E.Ph. Pevtsov - Ph.D. (Eng.), Associate Professor, Moscow Technological University E-mail: pevtsov@mirea.ru P.A. Gorbokonenko - Engineer, Moscow Technological University E-mail: gorbokonenko@mirea.ru S.M. Tolpygo - Ph.D. (Med.), Leading Research, Scientist, P.K. Anokhin Research Institute of Normal Physiology, Moscow E-mail: stolpygo@mail.ru

In article were stated principles of work of the automated complex developed in P.K.Anokhin research institute of normal physiology together with scientific and educational center Moscow technological university on the basis of methodology of system approach are. Use of this automated complex allows estimate objectively realization of consistently carried out stages of drinking goal-directed behavior during achievement by animal of the end result. Are described features of hardware-software implementation, the software for control of this device and the analysis of obtained data. The main aspects of use of the automated complex in experiment are also considered. With the use of automated complex worked out of new approaches to assessment of individual characteristics goal-directed behavior in animals. Were obtained priority data about of modification physiological action behaviorally active bioregulators (angiotensin-II and β-endorphin), which are involved in motivational and reinforcement processes that allowed us to formulate ideas about differential involvement of angiotensin-II and β-endorphin in neurochemical mechanisms at various stages of carrying out integral behavioral acts.

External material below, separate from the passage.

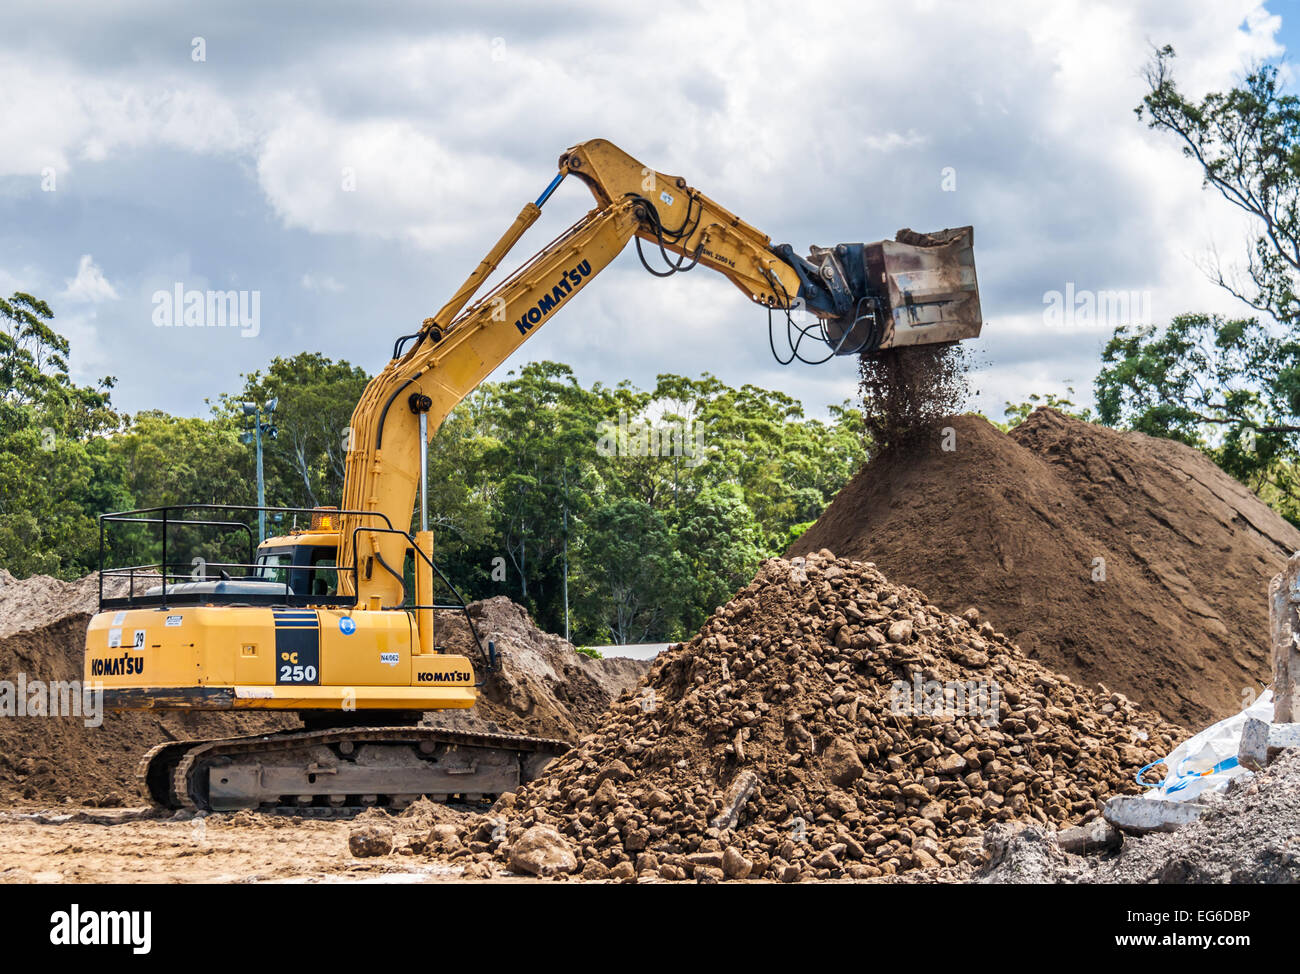 Komatsu earth moving machine sorting and sifting soil. Stock Photo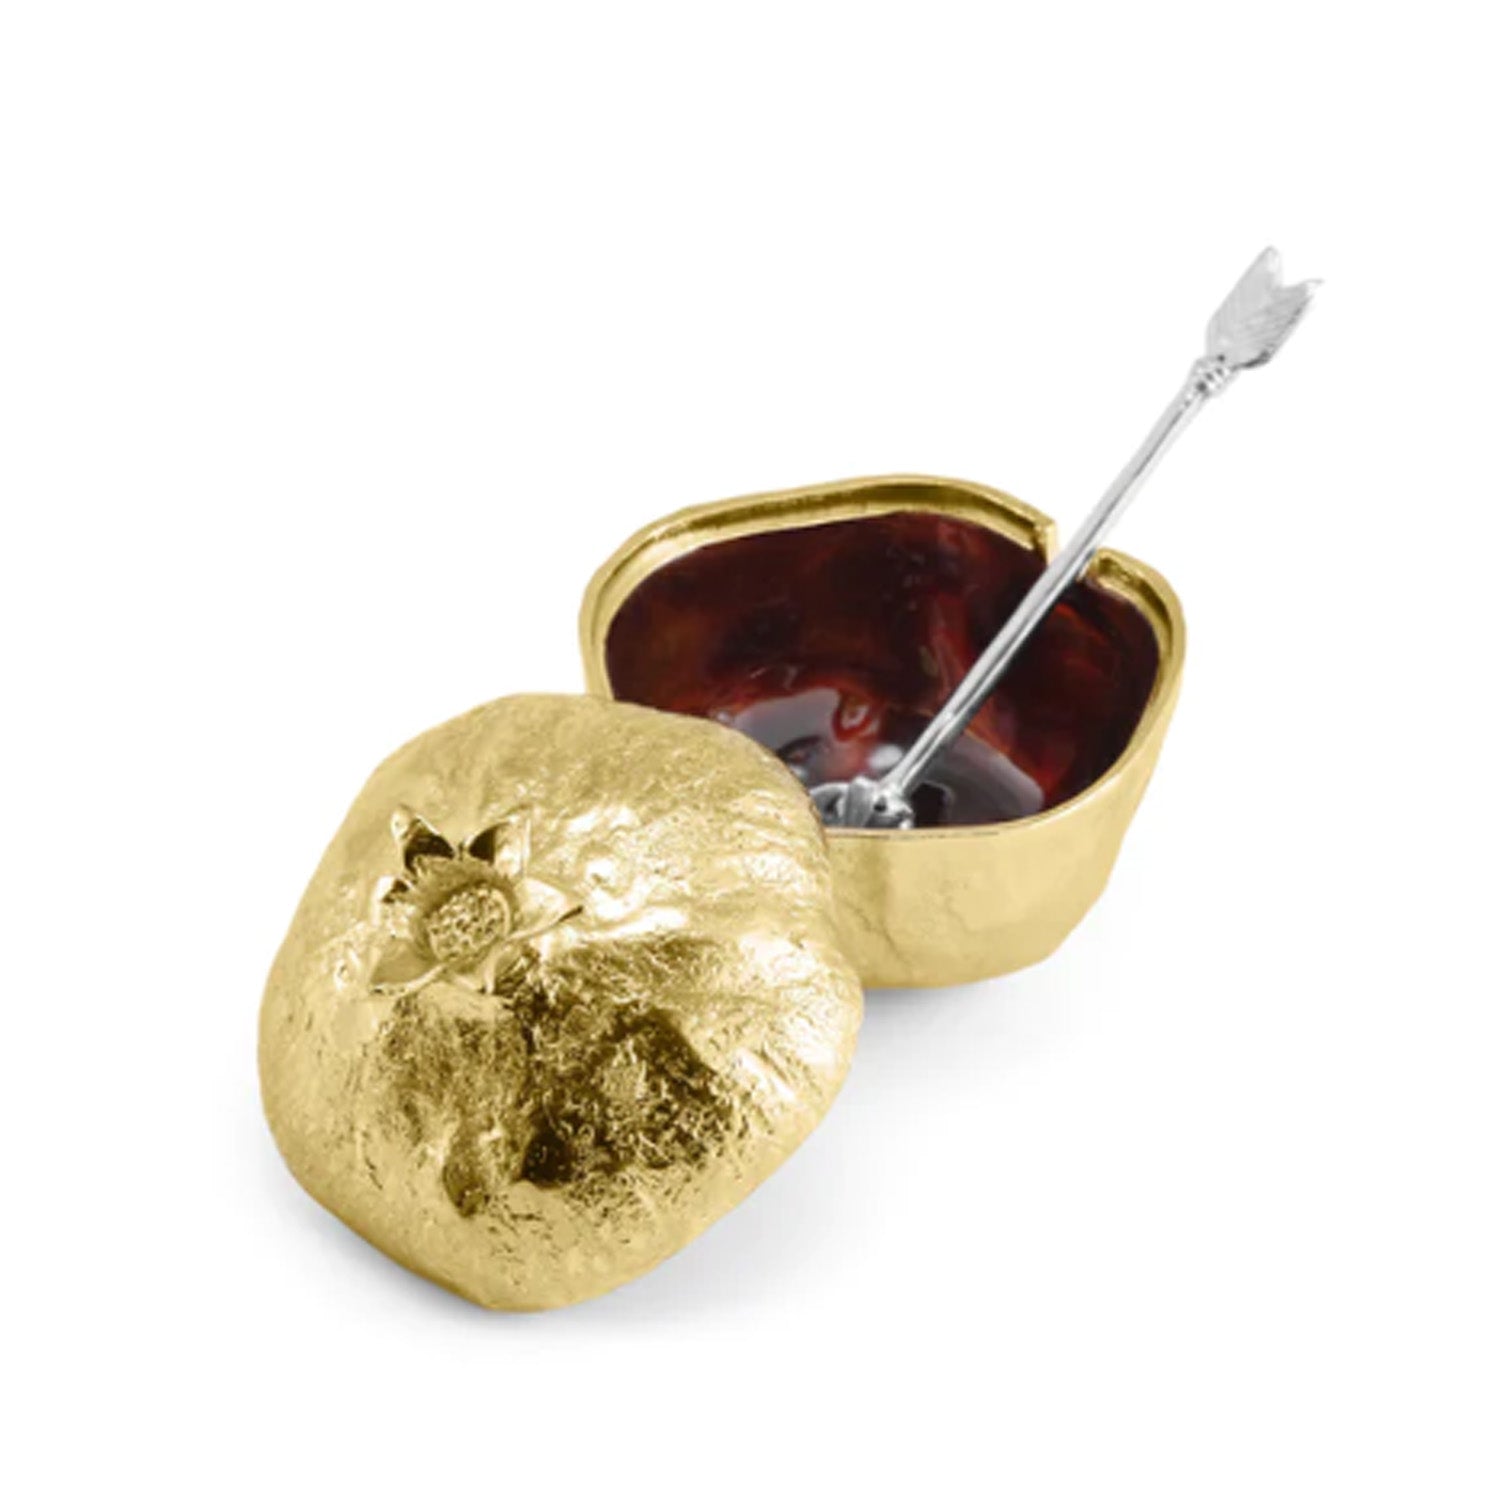 Michael Aram - Pomegranate Pot with spoon

This research also provides new behavioral criteria for identification and diagnosis of comparative effects of morphine, cocaine and alcohol in rats, which undoubtedly represents a theoretical and practical interest for study of mechanisms of various dependencies and of their correction methods. Designed automated complex has a great scientific and technical potential for applications in medicine and biology, especially for directional impact screening psychotropic drugs and study of neurochemical mechanisms of systemic organization goal-directed behavior. This work was supported by the Ministry of Education and Science (state task number 2014/112, the project code 35).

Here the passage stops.